Reporter: Arif Ferdianto | Editor: Anna Suci Perwitasari
KONTAN.CO.ID - JAKARTA. Investasi pada perusahaan pembiayaan atau multifinance tampak menyusut, hal ini disebabkan kondisi ekonomi yang mulai membaik sehingga dana yang dimiliki para pemain kembali pada fitrahnya yakni sebagai pemberi pembiayaan.
Berdasarkan data Otoritas Jasa Keuangan (OJK), investasi perusahaan multifinance dalam instrumen surat berharga terkoreksi hingga 82,41% year on year (YoY) menjadi Rp 219 miliar di Juni 2023, sementara Juni 2022 nilainya mencapai Rp 1,24 triliun.
Ketua Umum Asosiasi Perusahaan Pembiayaan Indonesia (APPI) Suwandi Wiratno mengatakan bahwa investasi dalam surat berharga perusahaan multifinance dilakukan saat pandemi Covid-19.
“Kalau waktu lagi Covid dananya enggak kepakai kemana-mana, enggak ada pinjam kredit, ada duit lebih ya ditaruh di surat berharga,” ujarnya kepada Kontan.co.id, Senin (21/8).
Baca Juga: Sejumlah Multifinance Pasang Strategi untuk Capai Target Pembiayaan Investasi 2023
Suwandi menjelaskan bahwa menyusutnya nilai investasi dalam surat berharga menandakan bahwa industri telah kembali berjalan baik, sebab dana yang dikeluarkan untuk pemberian kredit oleh para pemain.
“Secara industri multifinance gak ada investasi, duit diputerin jadi kredit. Kalau ada duit lebih ngapain kita investasikan, kita bisnisnya pemberi pinjaman kredit,” jelasnya.
Sementara itu, Deputi Komisioner Pengawas Lembaga Pembiayaan dan Lembaga Jasa Keuangan Lainnya OJK, Bambang W Budiawan menyatakan bahwa perusahaan multifinance dikembangkan bukan sebagai perusahaan investasi, melainkan lembaga keuangan yang menyalurkan pembiayaan konsumen.

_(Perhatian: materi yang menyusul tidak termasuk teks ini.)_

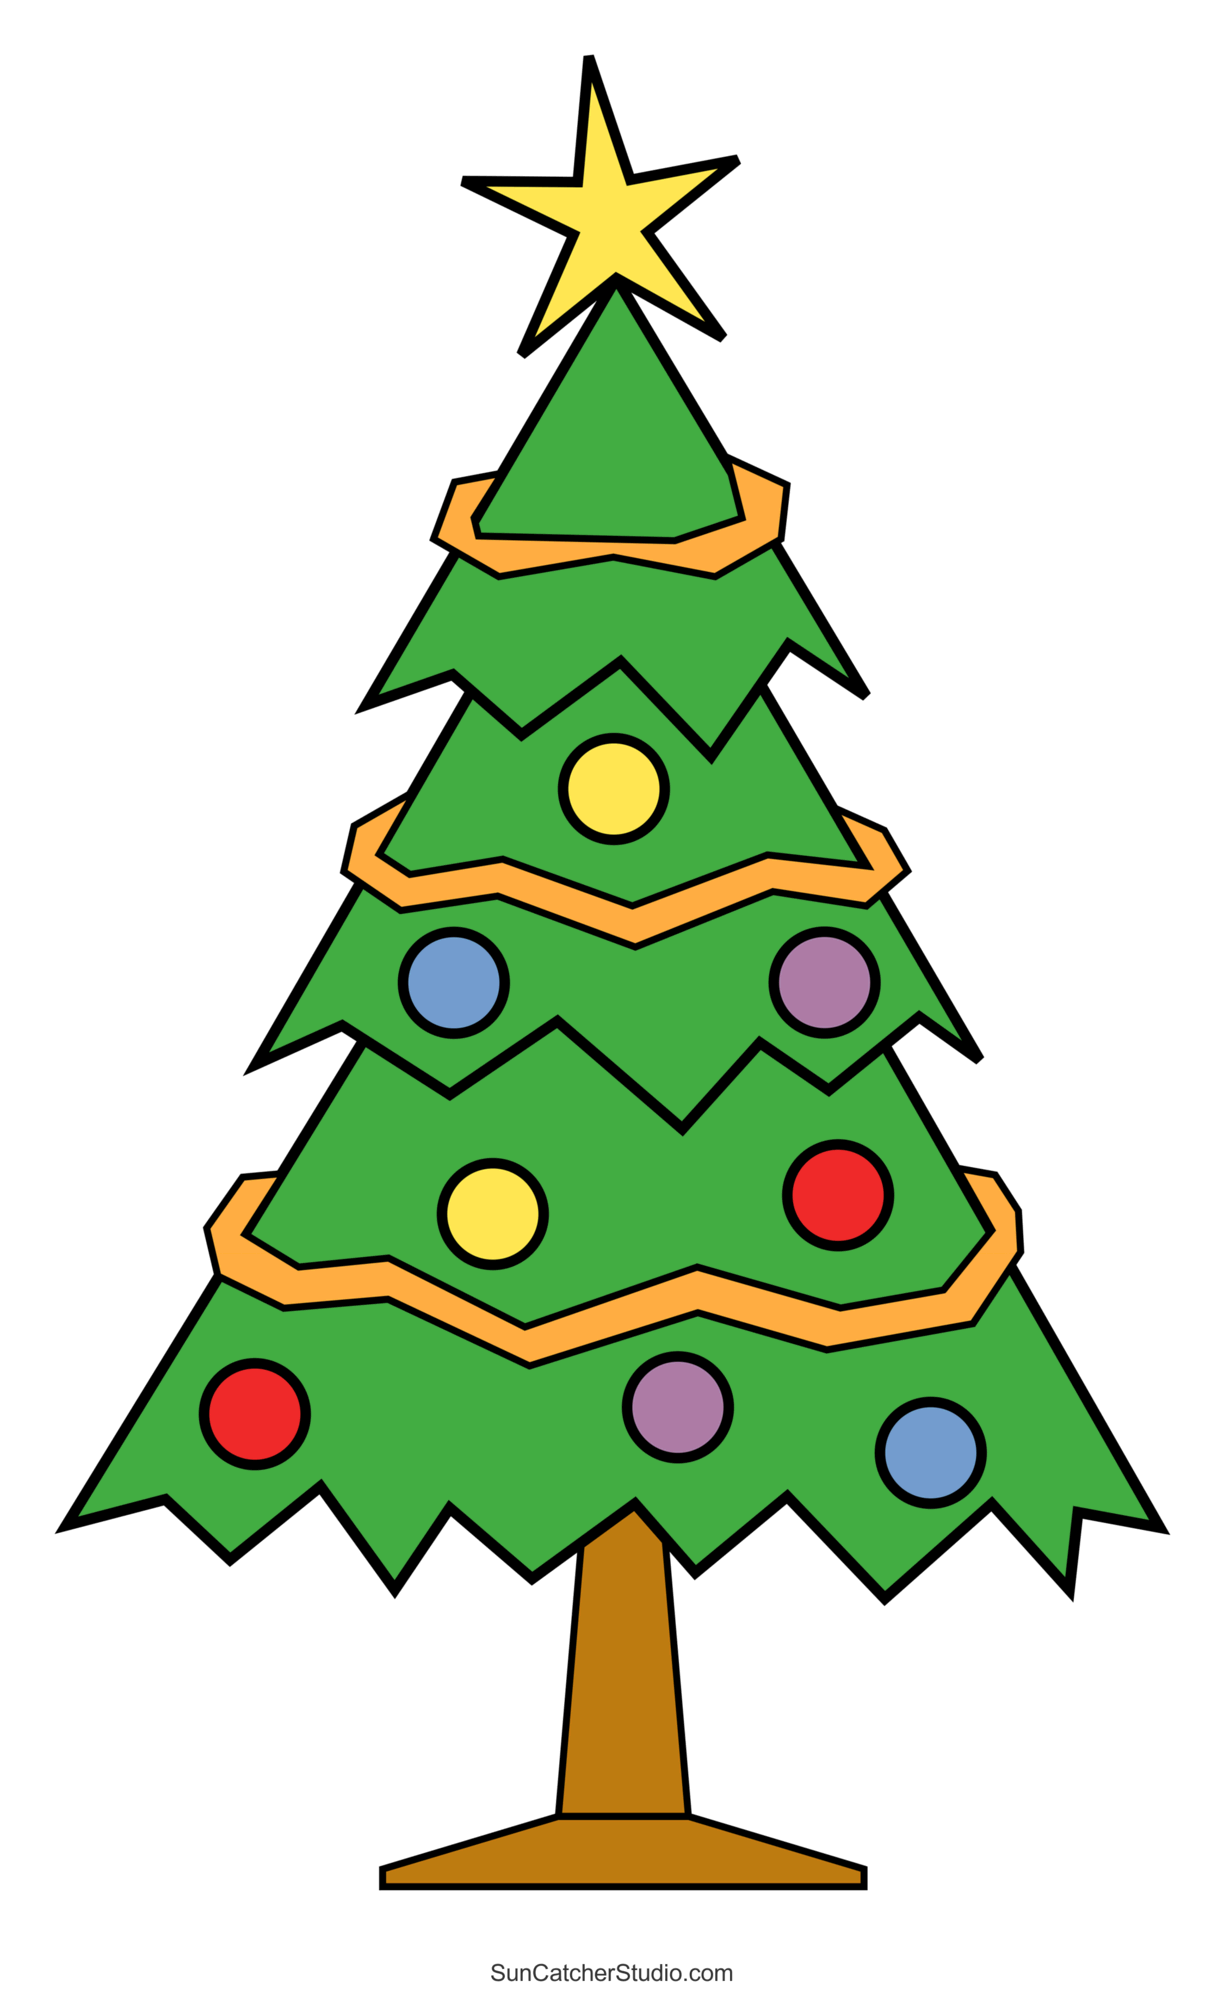 Christmas Tree Templates And Stencils Free Printable Patterns DIY Projects Patterns Monograms Designs Templates - Free Printable Christmas Clip Art

“Beda sama asuransi dan dana pensiun yang memupuk dana/premi/iuran peserta lalu di sisi pengelolaan dana diinvestasikan dalam surat berharga atau sejenisnya,” imbuhnya kepada Kontan.
Chief Financial Officer PT Adira Dinamika Multi Finance Tbk (ADMF) atau Adira Finance, Sylvanus Gani Mendrofa menyampaikan investasi surat berharga biasanya dilakukan jika memiliki imbal hasil yang menarik.

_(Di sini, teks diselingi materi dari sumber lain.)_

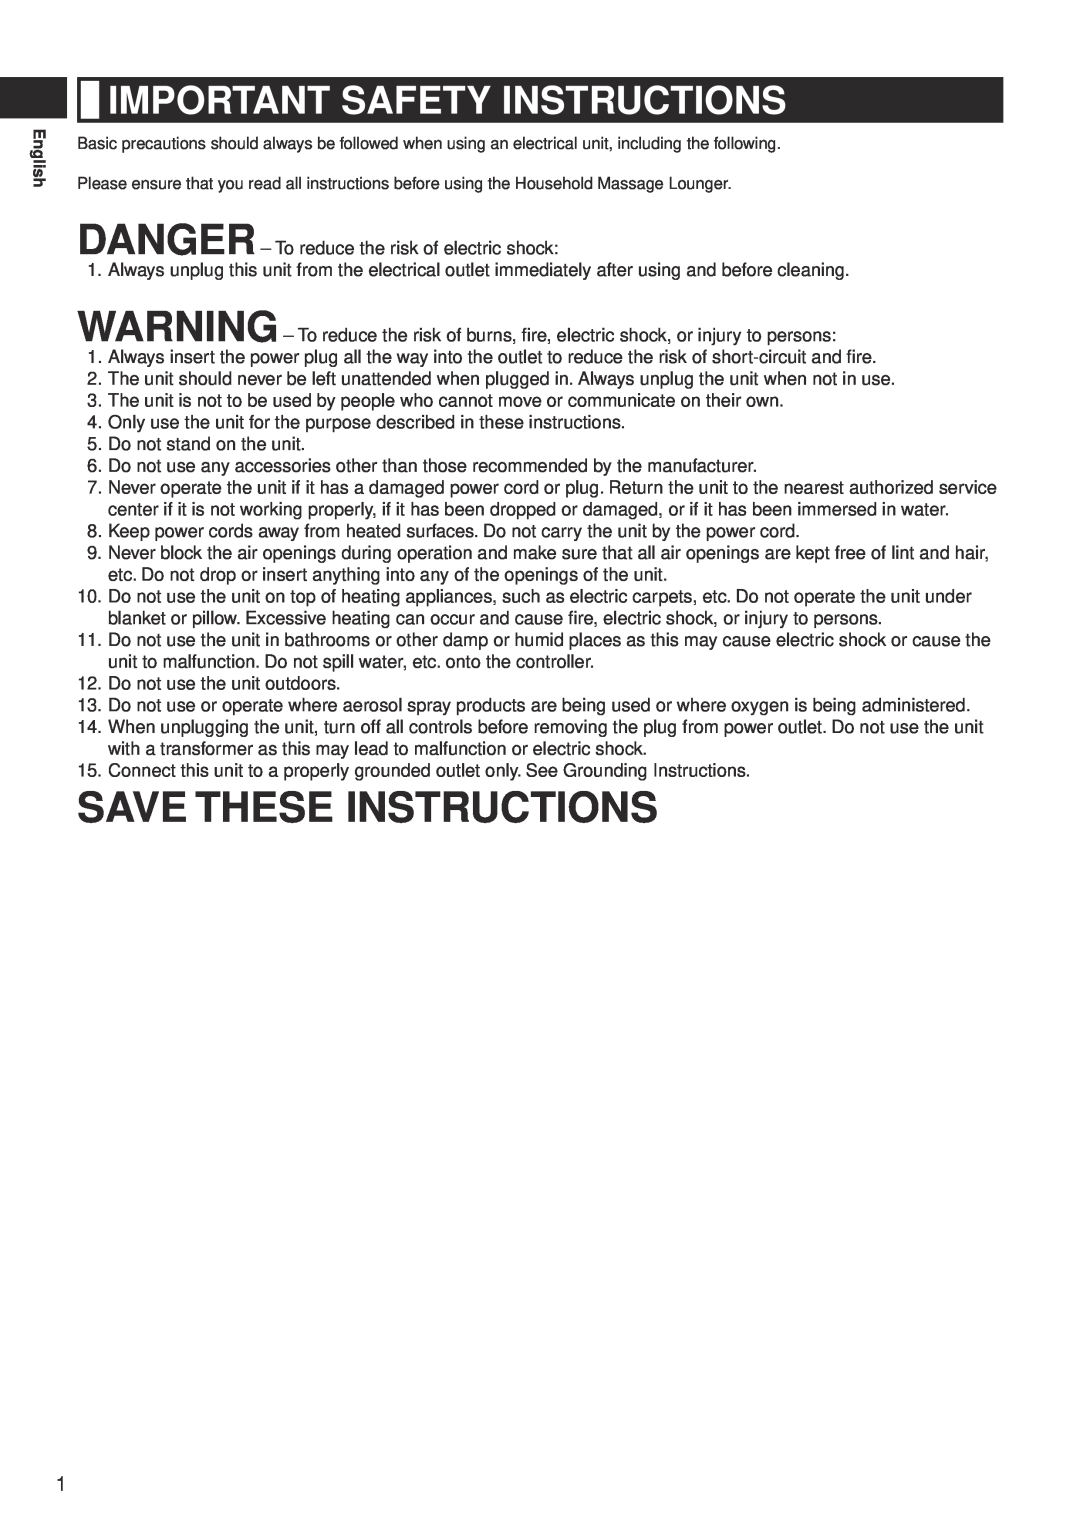 Panasonic EP-MS40 manual Important Safety Instructions, Save These Instructions

“Namun jika ternyata perusahaan bisa memutar dana baik dari ekuitas dan pinjaman pada tingkat ROA dan ROE yang menarik pada portofolio pembiayaan, maka pilihan menaruh investasi tidak dijadikan prioritas utama,” terangnya kepada Kontan.

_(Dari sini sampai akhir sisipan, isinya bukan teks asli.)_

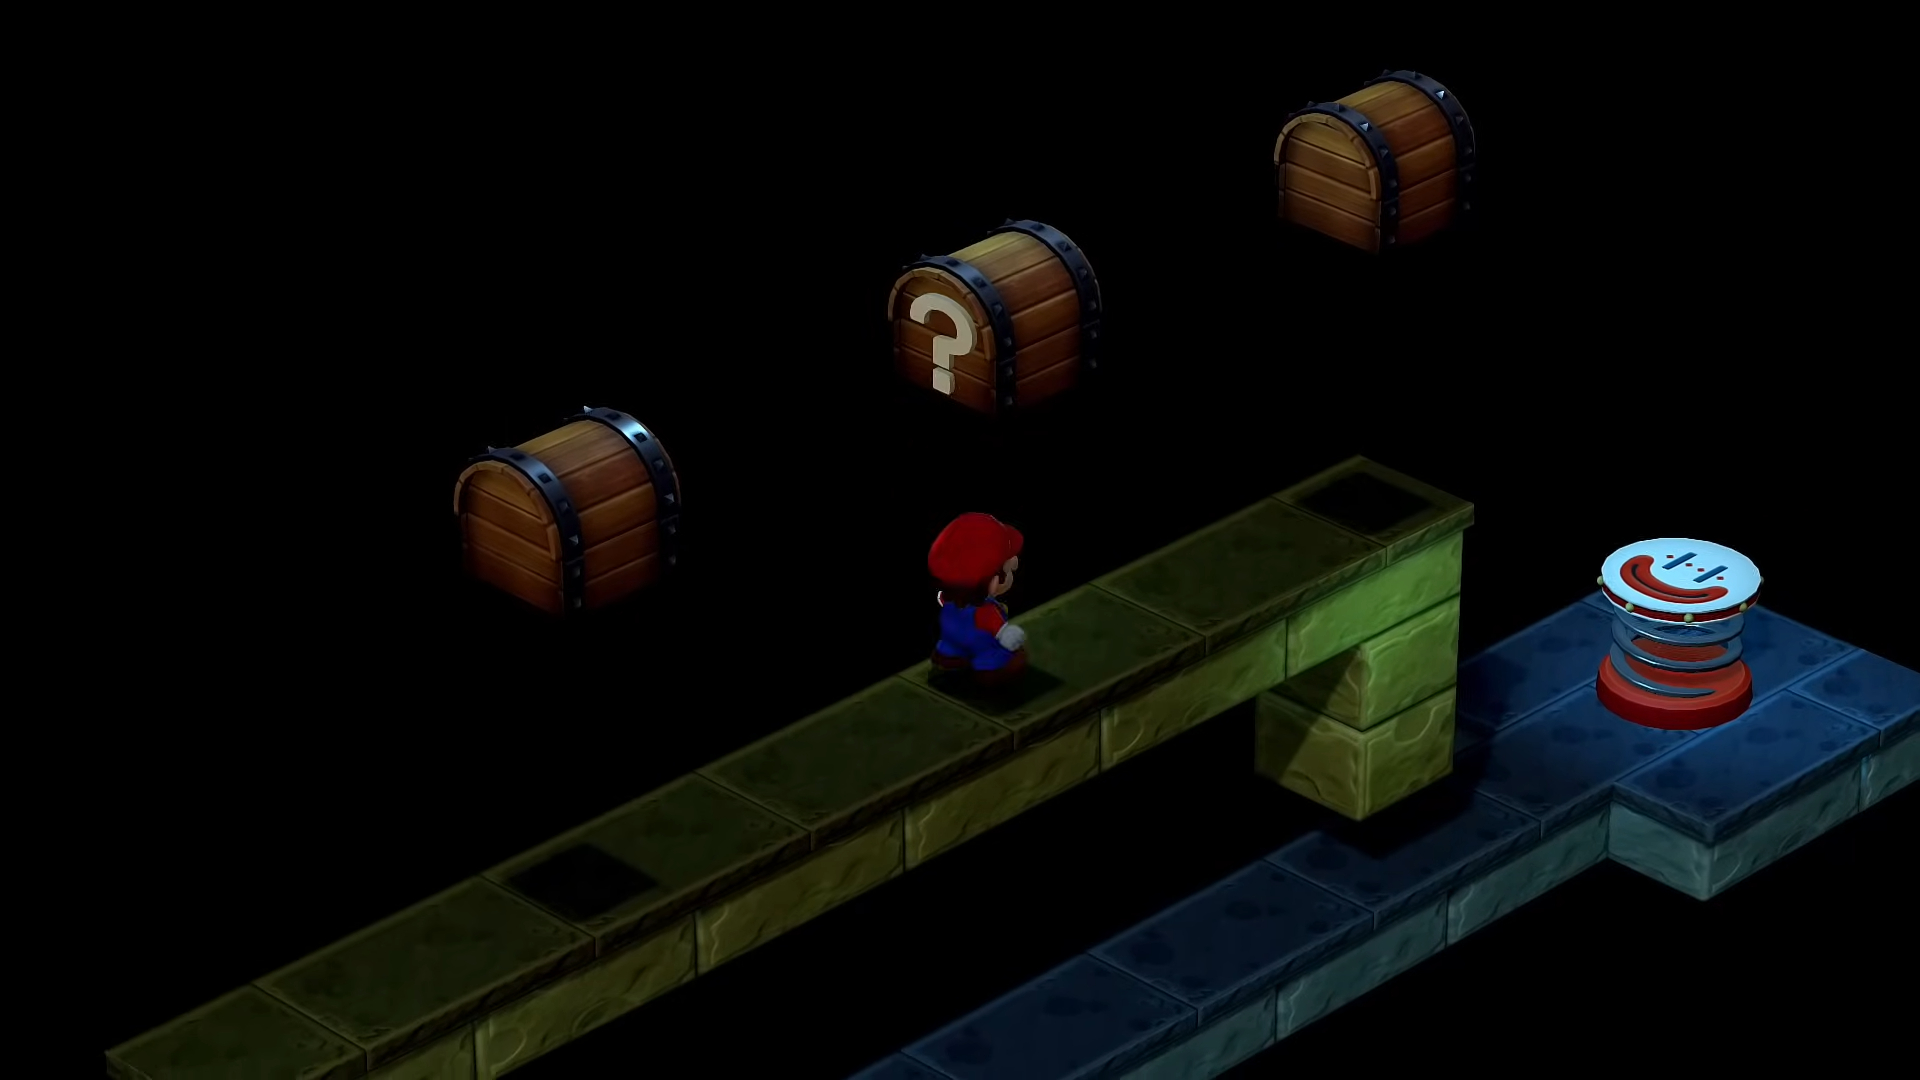 Mario in a sewer.

Baca Juga: Pantau Kredit Bermasalah Pinjol, OJK Bakal Bangun Pusdafil
Gani menuturkan bahwa Adira Finance tidak memiliki investasi pada surat berharga, di mana perusahaan fokus pada portofolio pembiayaan yang disalurkan kepada konsumen.
“Basically, kita lebih memilih mengalokasikannya pada portofolio pembiayaan yang kita salurkan pada konsumen,” tuturnya.
Lebih lanjut Gani menambahkan, investasi dalam instrumen surat berharga yang dimaksud OJK ialah jika suatu perusahaan memegang instrumen obligasi (bonds) ataupun saham dari perusahaan lain, itu untuk tujuan investasi atau diperjualbelikan sehingga mendapat keuntungan.
Selain itu, Direktur Utama PT Mandiri Utama Finance (MUF), Stanley Setia Atmadja menyebut bahwa MUF hingga saat ini tidak memiliki investasi dalam bentuk apapun, termasuk instrumen surat berharga.
“Seluruh kemampuan pendanaan MUF digunakan untuk keperluan core business, yaitu mendukung penyaluran pembiayaan yang sampai saat masih terus tumbuh dan berkembang,” tandasnya.